On Nov. 12, around two weeks after earthquakes of magnitude 6.6 and 6.5 and numerous aftershocks hit provinces in Mindanao, a 13-day old Facebook (FB) Page named RUDY Baldwin posted two photos: one of a huge tsunami, and another of a collapsed and ruined building.

The images came with a long write-up claiming the Phivolcs has already confirmed that a “magnitude 8” quake caused by the movement of the West Valley Fault across Metro Manila and surrounding provinces might hit anytime. It said “30-meter-high waves” are no joke, and warned readers to prepare for the movement of the Manila Trench, a deep-sea trench located in the West Philippine Sea.

.The page said the fault line’s movement, which “may affect the San Manuel Fault Line” in Pangasinan, might trigger tsunami waves in the province as high as “32-feet tall.”

This post is misleading.

While it is true that the Phivolcs has released a statement advising the public to prepare for ‘“The Big One’,” the agency never said that it will be a “magnitude 8” earthquake causing tsunamis with waves as tall as “32 feet” or “30 meters.”

Instead, it is possibly an intensity 7 earthquake that will rock the whole of Metro Manila and nearby provinces of Bulacan, Rizal, Cavite, and Laguna once “The Big One” strikes, according to an explanatory video released by Phivolcs on their official FB page.

Magnitude refers to the “energy released by an earthquake” and is measured by a device called a seismograph, while intensity is the “strength of an earthquake” based on its effects to people, objects, and the surroundings.

RUDY Baldwin’s write-up is only a rehash of a February 2017 FB post of local radio station DWCM Aksyon Radyo Pangasinan about “The Big One’s” possible effects on Pangasinan, published some days after Surigao Del Norte was hit by a magnitude 6.7 earthquake in 2017.

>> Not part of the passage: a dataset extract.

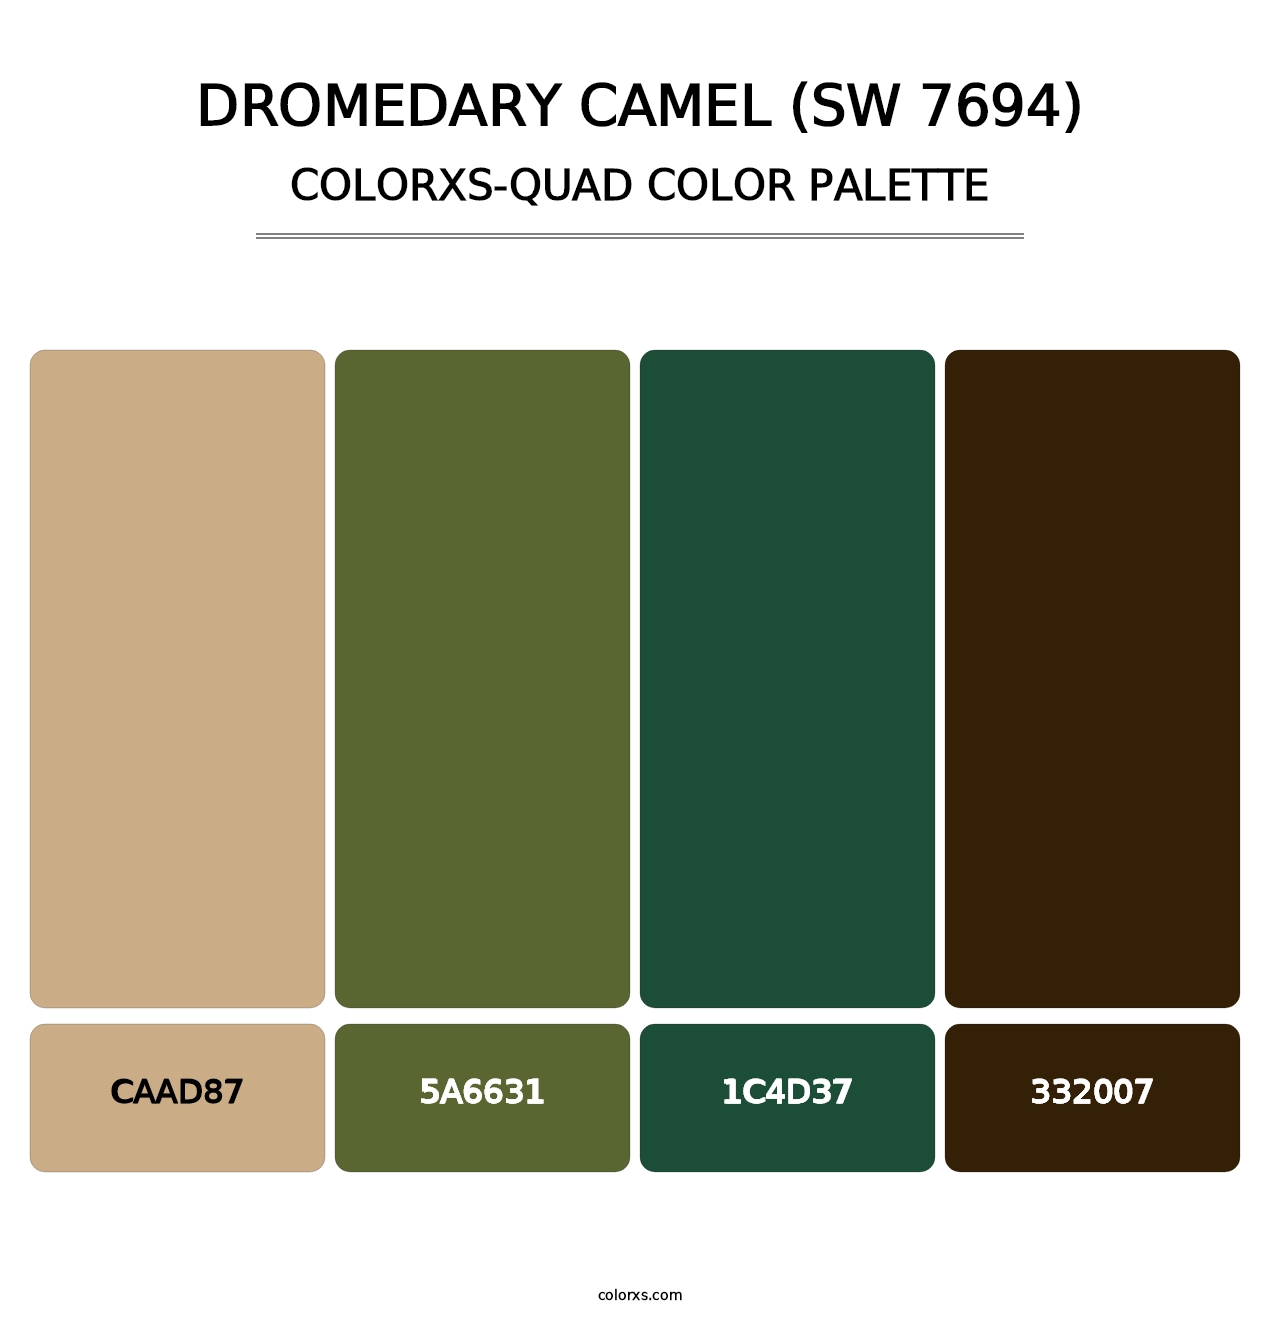 Dromedary Camel (SW 7694) - Colorxs Quad Palette
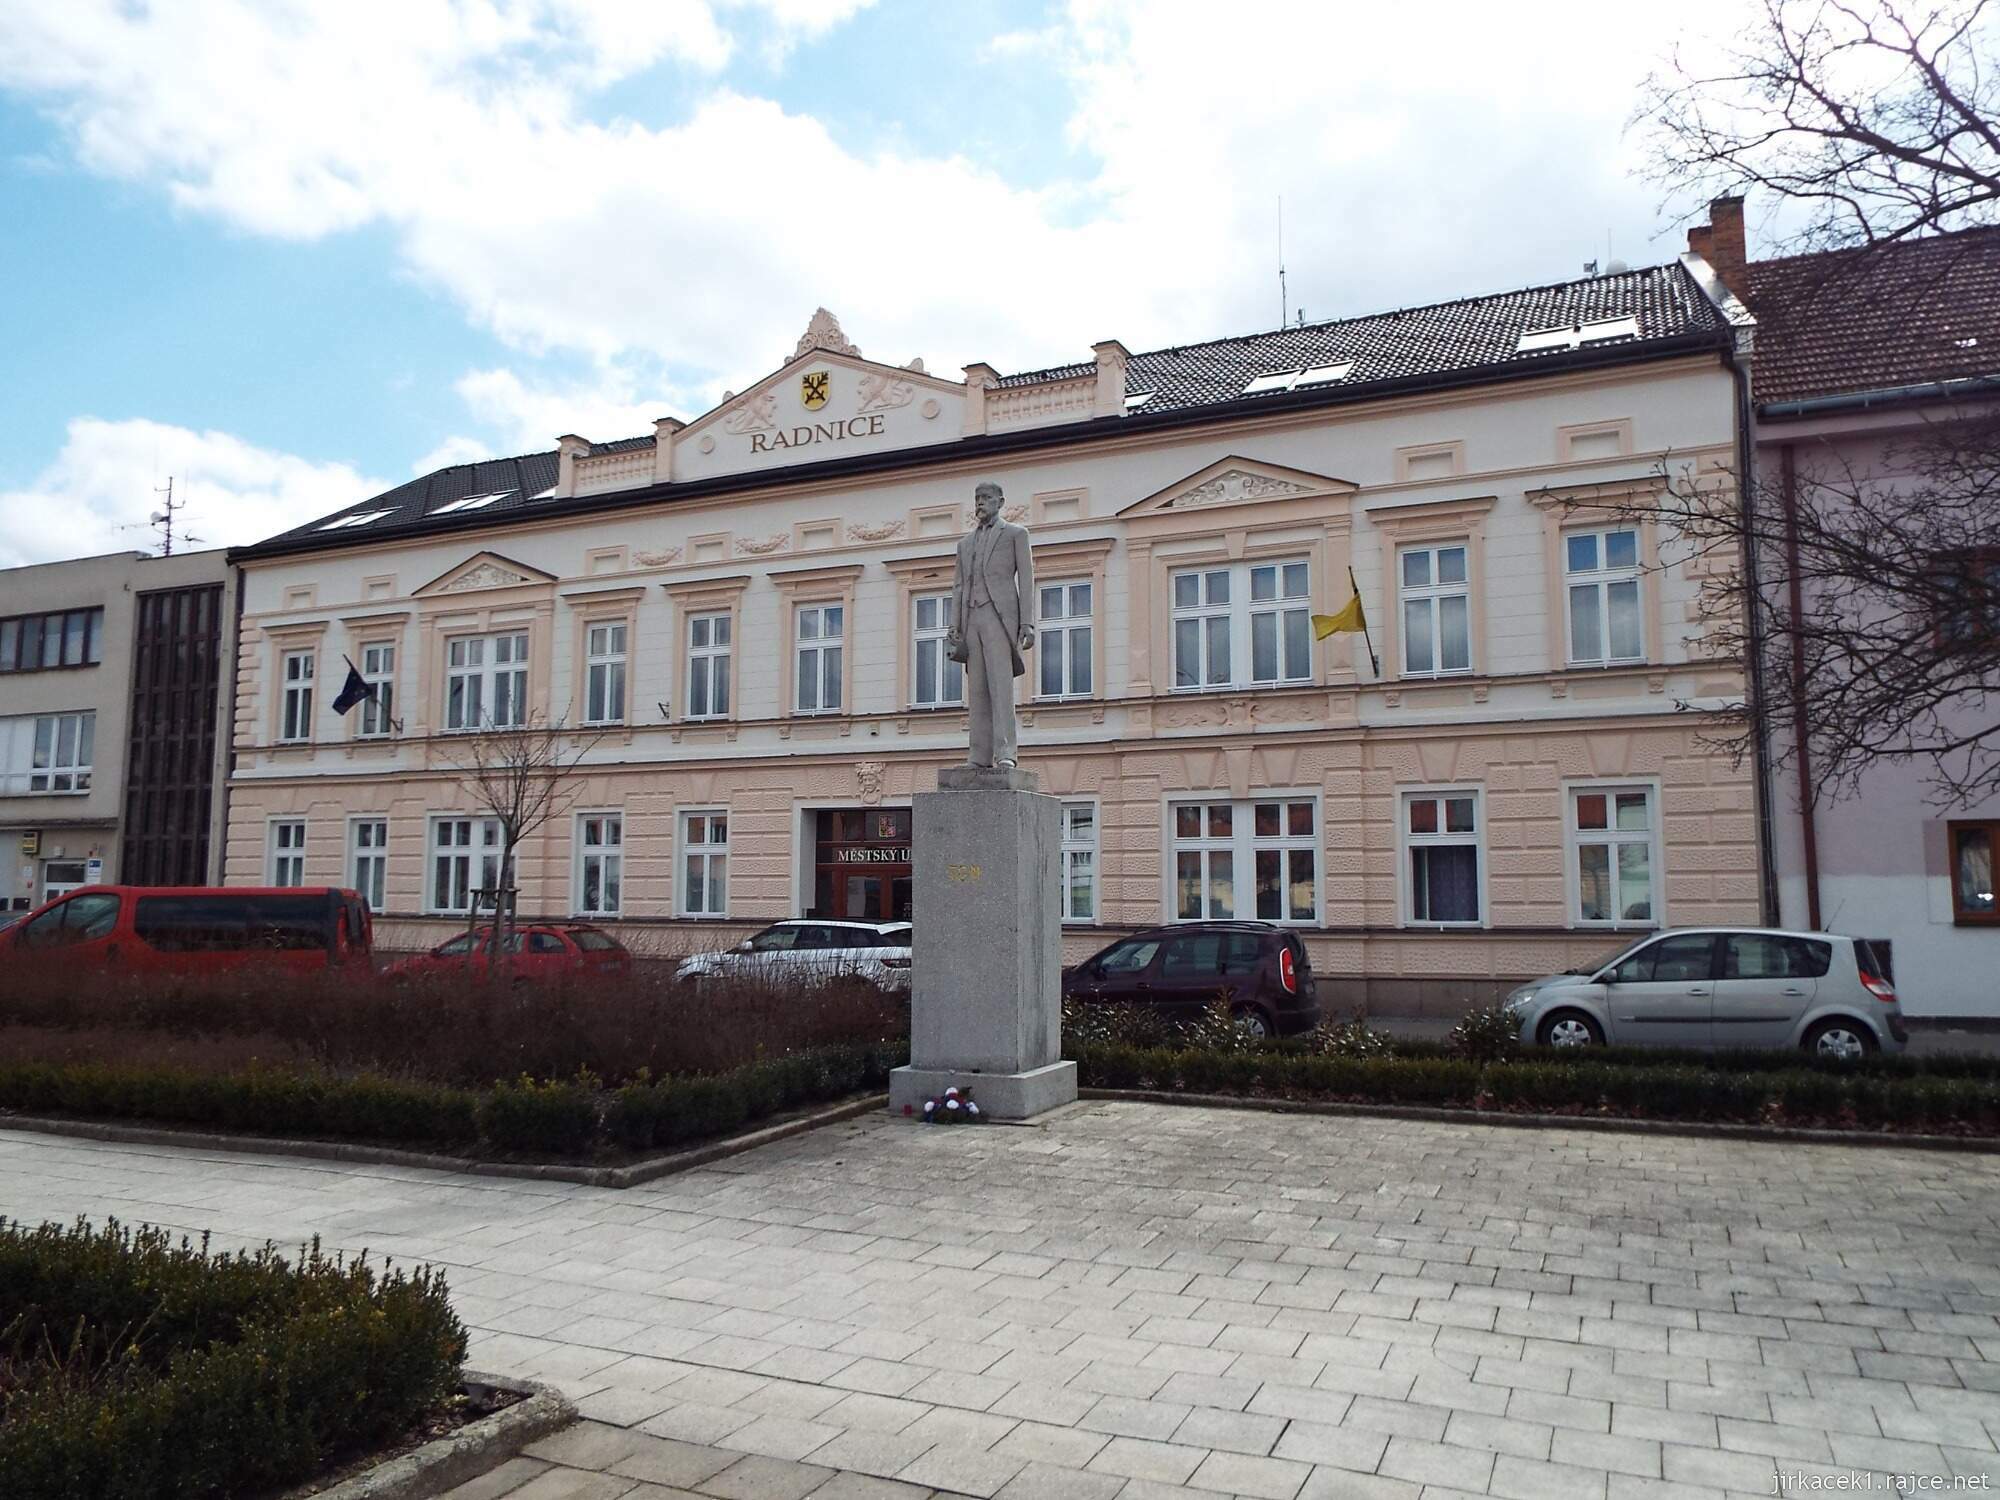 27 - Letovice - Masarykovo nám. 11 - socha Masaryka před radnicí

Some of the details in the write-up echo a 2014 GMA News report where Phivolcs Director Renato Solidum warned of a possible 32-feet tsunami that Western Bataan — not Pangasinan — might experience if the Manila Trench moves and causes a magnitude 8.2 earthquake.

A reverse image search showed the tsunami photo accompanying the text is actually a 2013 illustration of a Mega-Tsunami by artist Chris Wren and was originally published in BBC Magazine. Meanwhile, the second photo was taken in 1999 during the aftermath of an earthquake in Taiwan, the metadata of a high-definition copy of the image showed.

Moreover, predictions of when, where, and how strong an earthquake will be “is not yet possible,” as stated by the United States Geological Survey (USGS). The PHIVOLCS, in its FB Page, has also already released a warning against false reports carrying predictions of earthquakes and tsunamis.

RUDY Baldwin’s misleading post got more than 14,000 comments and 18,000 reactions. It was shared more than 51,000 times by social media users.